Balance at point b. From this state, if the displacement X of the object to be measured 13 increases and reaches Xl, then the electric wire 7
As shown in FIG. 3 (b), the voltage applied to the awn changes depending on the amount of displacement. At this time, if the soft voltage of the voltage comparison circuit 19 is set to 1, the output voltage of the voltage comparison circuit 19 is always 0, but becomes 1 when the output voltage of the low-pass filter 18 reaches E. , OR circuit 2
An electronic switch 23 is operated via 2. As a result, the output voltage of the DC amplifier 24 becomes 0, and 0 as shown in FIG.
balance on points. When the displacement X further increases, balance is achieved at point d in the same way, and when the displacement becomes X, a voltage of E is applied to the electric skew element 7, resulting in balance at point d.

Therefore, the origin position X of the object to be measured 13.

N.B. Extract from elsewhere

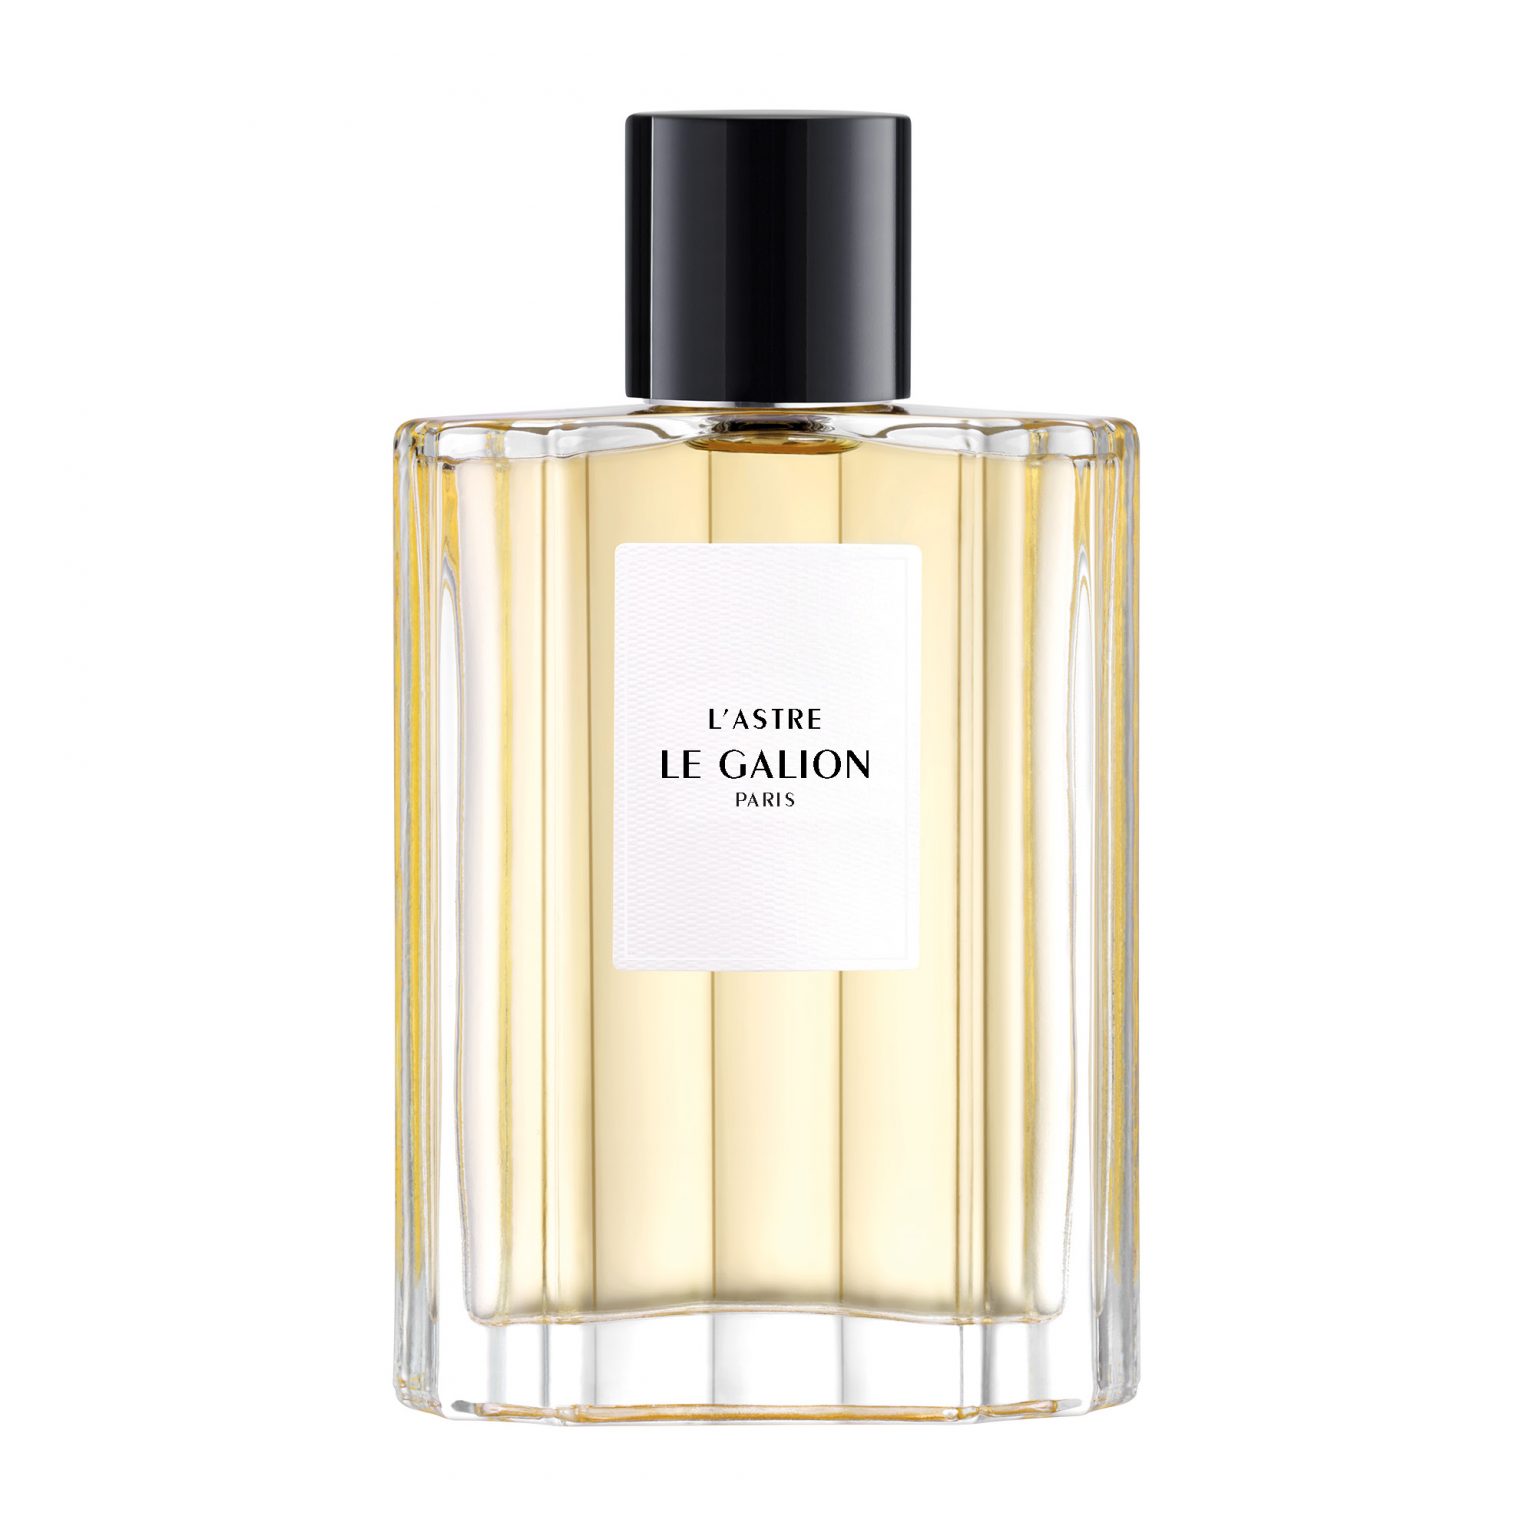 L'Astre Le Galion: The Star Shines Again! ~ Fragrance Reviews

The displacement X from to X can be measured as follows. The output voltage of the voltage comparator circuit 9 is the object to be measured 13
Since it changes from 0 to 1 every time the needle is displaced by λ/2, this is counted by the up/down cuff/ter 21, and the result of the number of stitches is multiplied by λ/2. A case where the displacement X changes in a decreasing direction from the position fC will be described.

(9) In this case, a voltage of -Eo is applied to the balance element 7 in advance, and the voltage is balanced at point b. From this state, the displacement
Assuming that the object to be measured 13 is displaced in the direction in which
A negative voltage is applied to the voltage distortion element 7 as shown in FIG. 3(b). If the specific soft voltage ' of the voltage comparator circuit 2o is set to -E, the output voltage of the voltage comparator circuit 20 always changes from 0 to 1 and is balanced at point b'. Therefore, the amount of displacement of the output voltage of the voltage comparison circuit 20 to the up/down column XI' can be determined.

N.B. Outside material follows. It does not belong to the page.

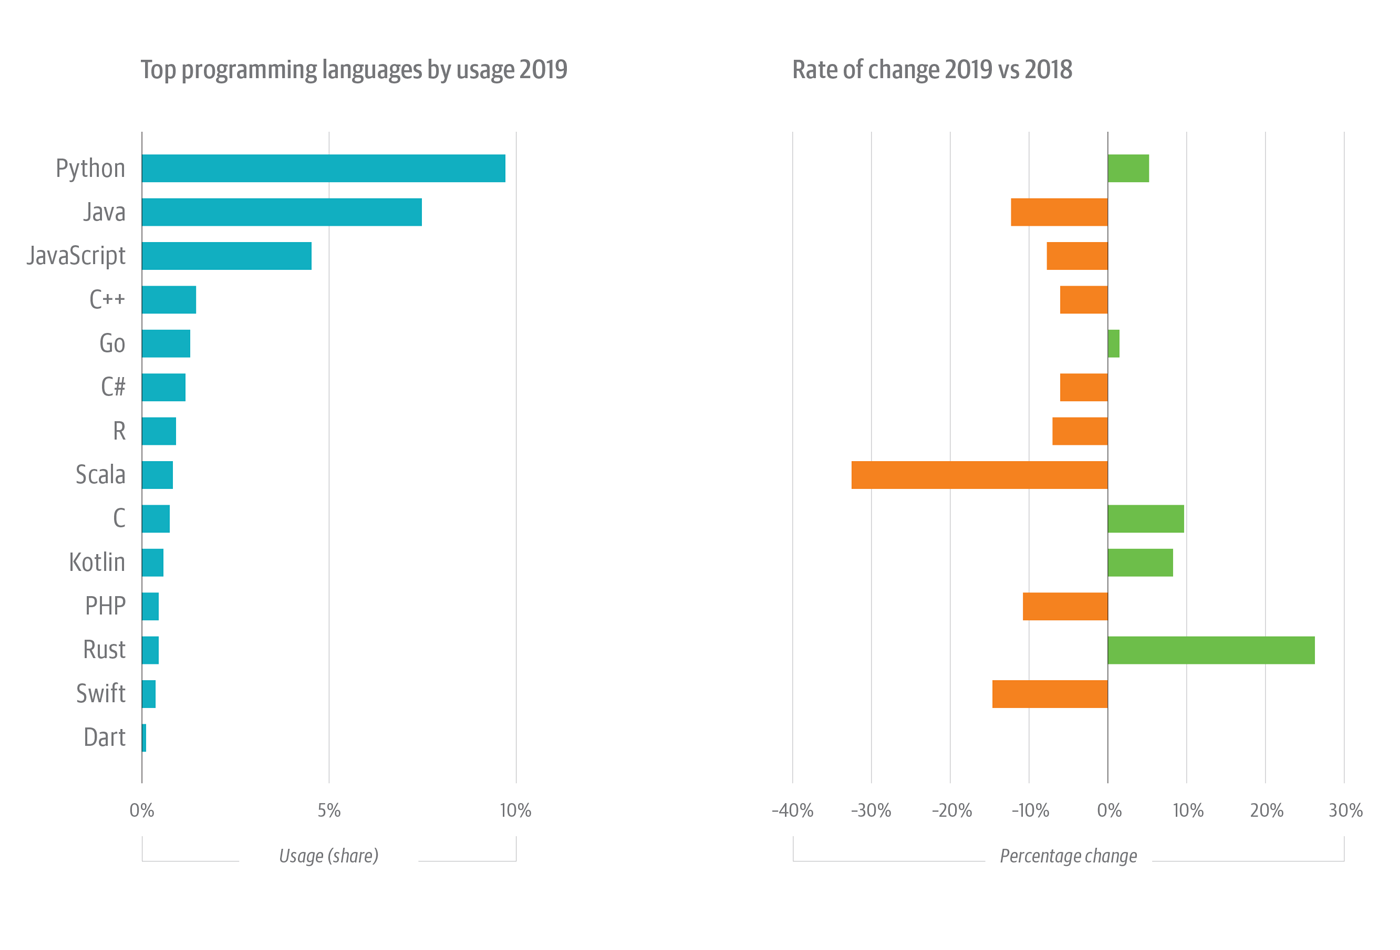 Programming languages on the O’Reilly online learning platform with the most usage in 2019 (left) and the rate of change for each language (right).

According to the measurement of the present invention, it is possible to measure not only small displacements but also large displacements. *It becomes possible to measure degrees.

[Brief explanation of the drawing]

FIG. 1 is a principle diagram showing the optical displacement measurement method of the present invention;
Figure 2 (a), (b), C → and Figure 3 (a), (0
) is a diagram for explaining the operating principle of the method of the present invention. 1...Nuza oscillator, 3...Polarizing beam splitter, 7.8...Military beam splitter, 12...Light 1 conversion element,
13 (10) ... Object to be measured, 21 ... Up-down counter,
23...Electronic switch. Thatch 2 fig.

Claims (1)

[Claims] In a method of measuring the displacement of an object to be measured by irradiating the reference object and the object to be measured with light and combining the respective reflected lights, the displacement of the object to be measured is measured using interference. A regulator that makes the optical path length fully variable is installed in the middle of the optical path, and the brightness of the interference light generated due to the optical path difference is detected.
The detected signal controls the adjuster so that the brightness of the interference light is always at the maximum or minimum, and when the control amount of the adjuster exceeds a certain value, the adjuster is returned to its original state. A displacement method characterized in that the number of times the amount exceeds a certain value is counted, and the controlled amount within the certain value is measured.≠4 The amount of displacement of the object to be measured is measured from the composite value of both. optical measurement method.